LVMH CROISSANCE DURABLE OU PAS ?

Après avoir publié des résultats exceptionnels pour le premier trimestre, « Dans quel mon Vuitton, Mouette and Psy » semble bien placé pour s’emparer de n’importe quelles cibles potentielles du luxe actuellement sur le marché. Et son grand rival, la Compagnie Financière « Riche Monstre » dirigée par un ancien du groupe du Seigneur peut être une cible possible, ainsi que la marque de mode Giorgio Armani. Et même si aucune de ces entreprises n’est officiellement à vendre, on sait dans les milieux bien informés que des tractations seraient en cours.

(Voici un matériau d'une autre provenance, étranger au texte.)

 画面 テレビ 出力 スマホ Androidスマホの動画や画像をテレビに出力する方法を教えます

Ainsi, les spéculations sur les fusions et les acquisitions, dans le secteur du luxe, vont bon train en « Orient Express ». Le plus grand acteur du secteur a déclaré mardi qu’il resterait sur la touche, du moins jusqu’à ce qu’il ait digéré sa dernière bouchée du croissant du Breakfast. Il est vrai que chaque fois qu’il a dit cela, c’est pour mieux nous rouler dans la farine, et finalement le félin acère sa proie après avoir fait retomber les spéculations.

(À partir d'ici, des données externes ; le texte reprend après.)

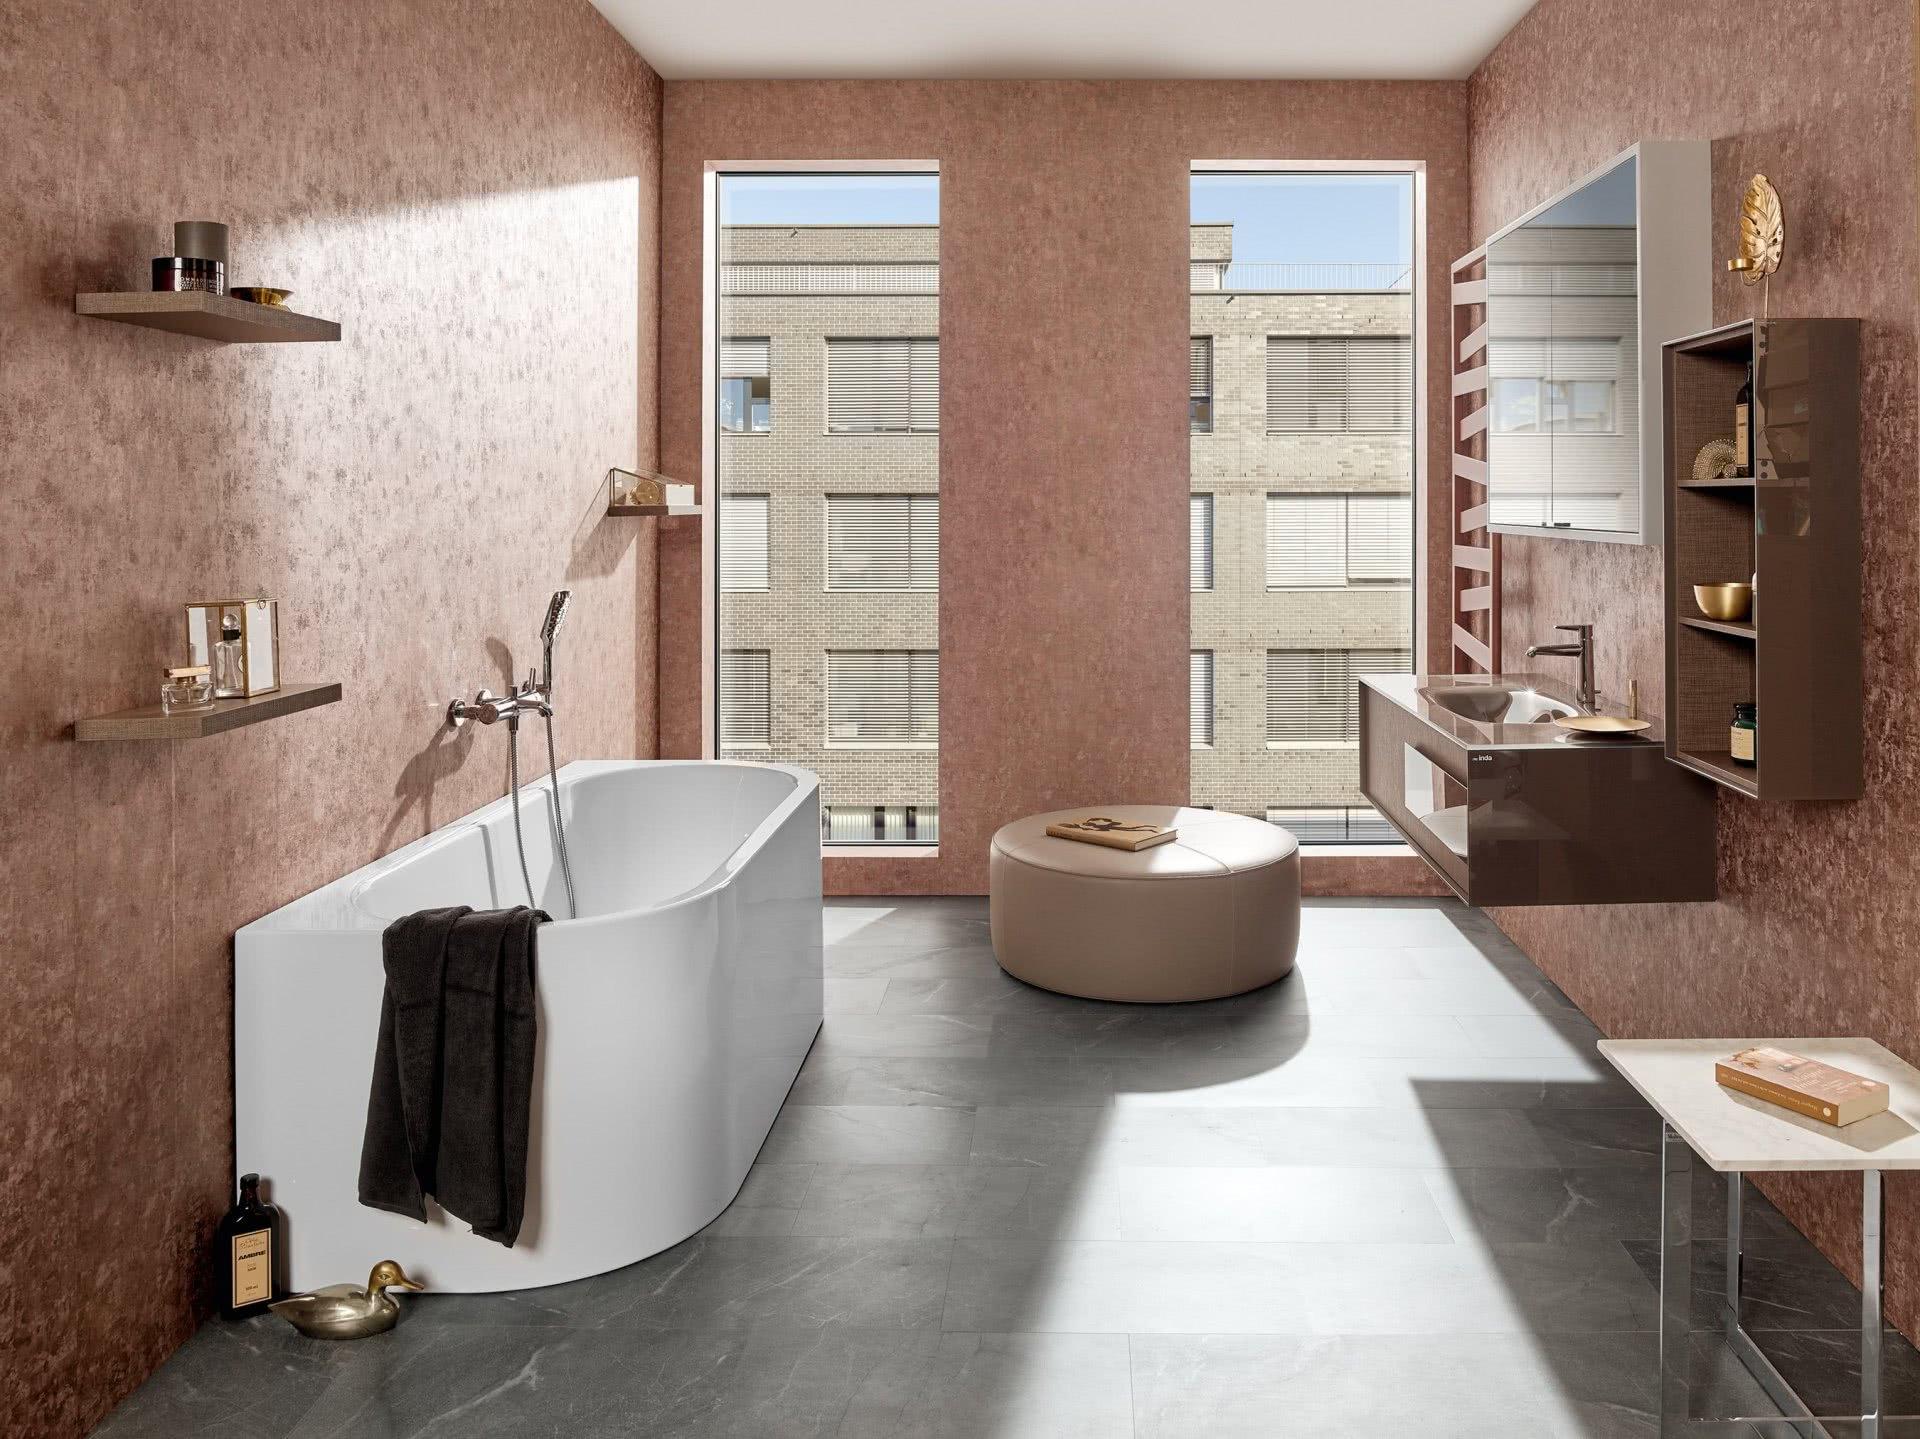 Badezimmer Badewelten Entspannende Wohnatmosphäre 01

Mais, pourquoi le Seigneur voudrait-il acquérir le groupe Suisse ? La Suisse, paradis fiscal au sein de l’Europe, n’est pas la raison. Quand on est le Seigneur, on en veut toujours plus, et se hisser devant les Bezos et autres humains de contrefaçon, avec des industries, qui datent de Louis XIV, un must ! Car le Seigneur sait que les technologies de l’instant sont souvent remplacées par une autre, alors que les métiers d’art restent et prospèrent depuis des siècles. Il y a aussi les réalités économiques qui consistent à donner aux actionnaires toujours plus de rémunérations, et donc de s’assurer toujours plus leur fidélité. Par contre, pour les petits actionnaires, qui ont moins d’actions qu’un cheveu sur la tête d’un chauve, restent dans une salle à part pour ne pas déranger les gros, une sorte d’apartheid à l’actionnariat qui fait de nous les pauvres du groupe.

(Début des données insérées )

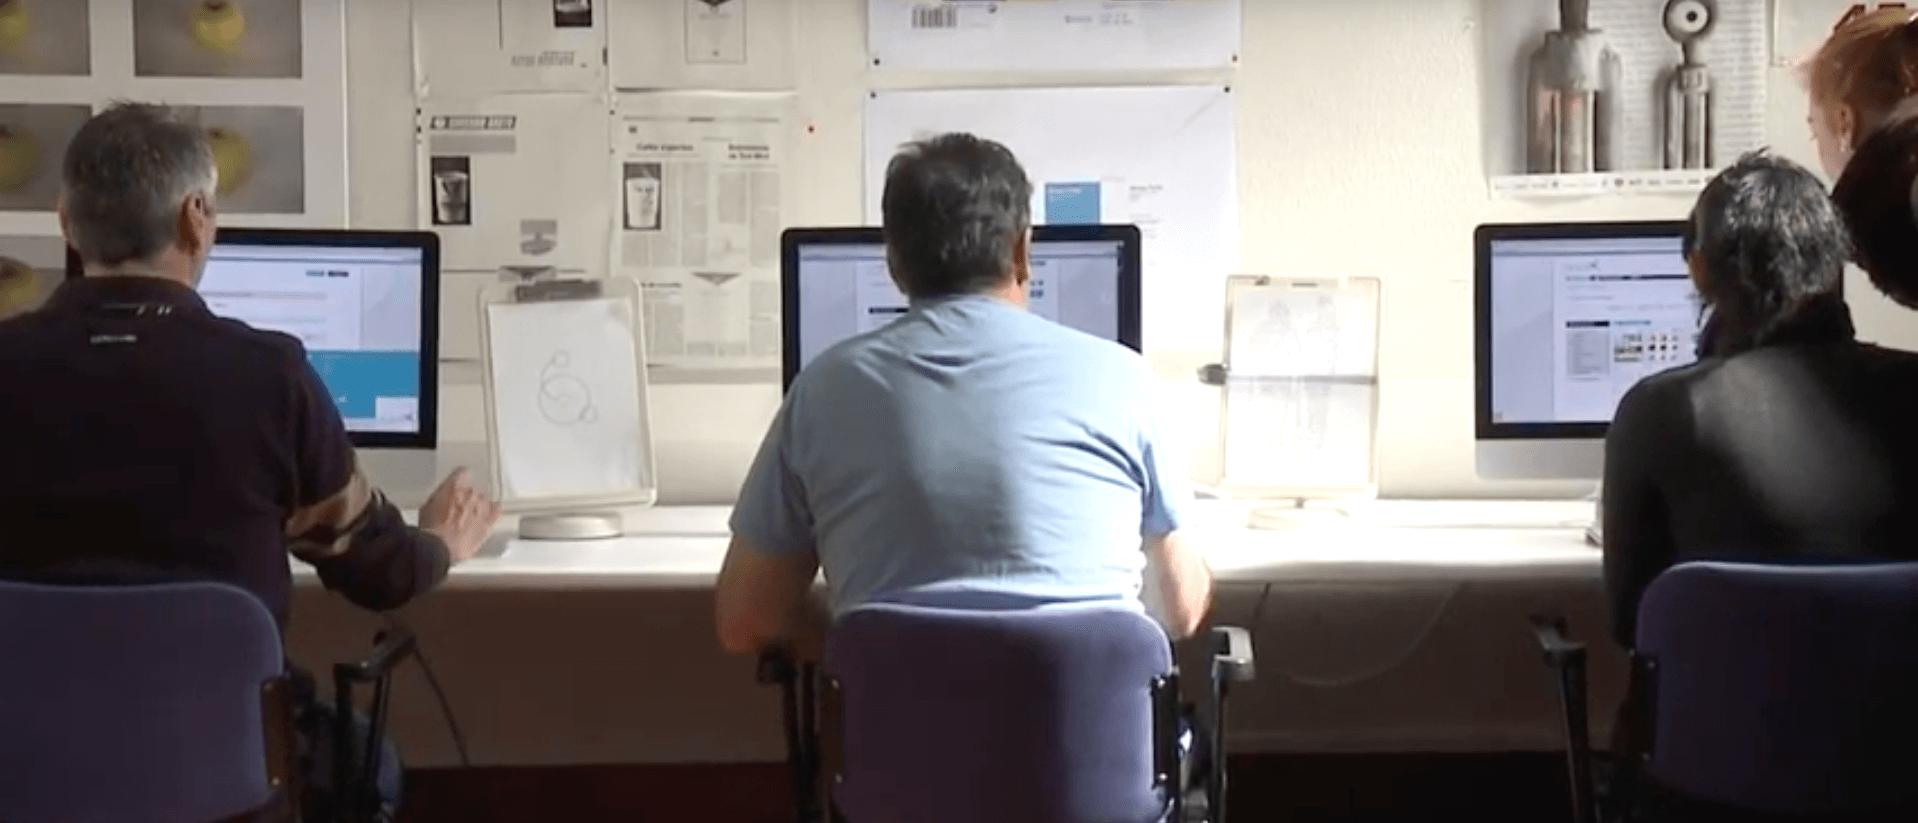 Trabajar con múltiples usuarios una sesión de NeuronUP

Mais, après avoir finalisé l’achat de Tiffany & Co pour 15,8 milliards de dollars en janvier ; la plus grande acquisition de l’histoire de l’industrie du luxe. Le conglomérat français continuera-t-il son expansion sans limite ? Peu probable, mais le développement en Chine, qui est tellement exponentiel, fera peut-être changer leur vision, car à la réouverture de l’après Covid, il est probable que la rivière de cash, avec le futur complexe de la Samaritaine, nourrira à nouveau l’appétit de croissance.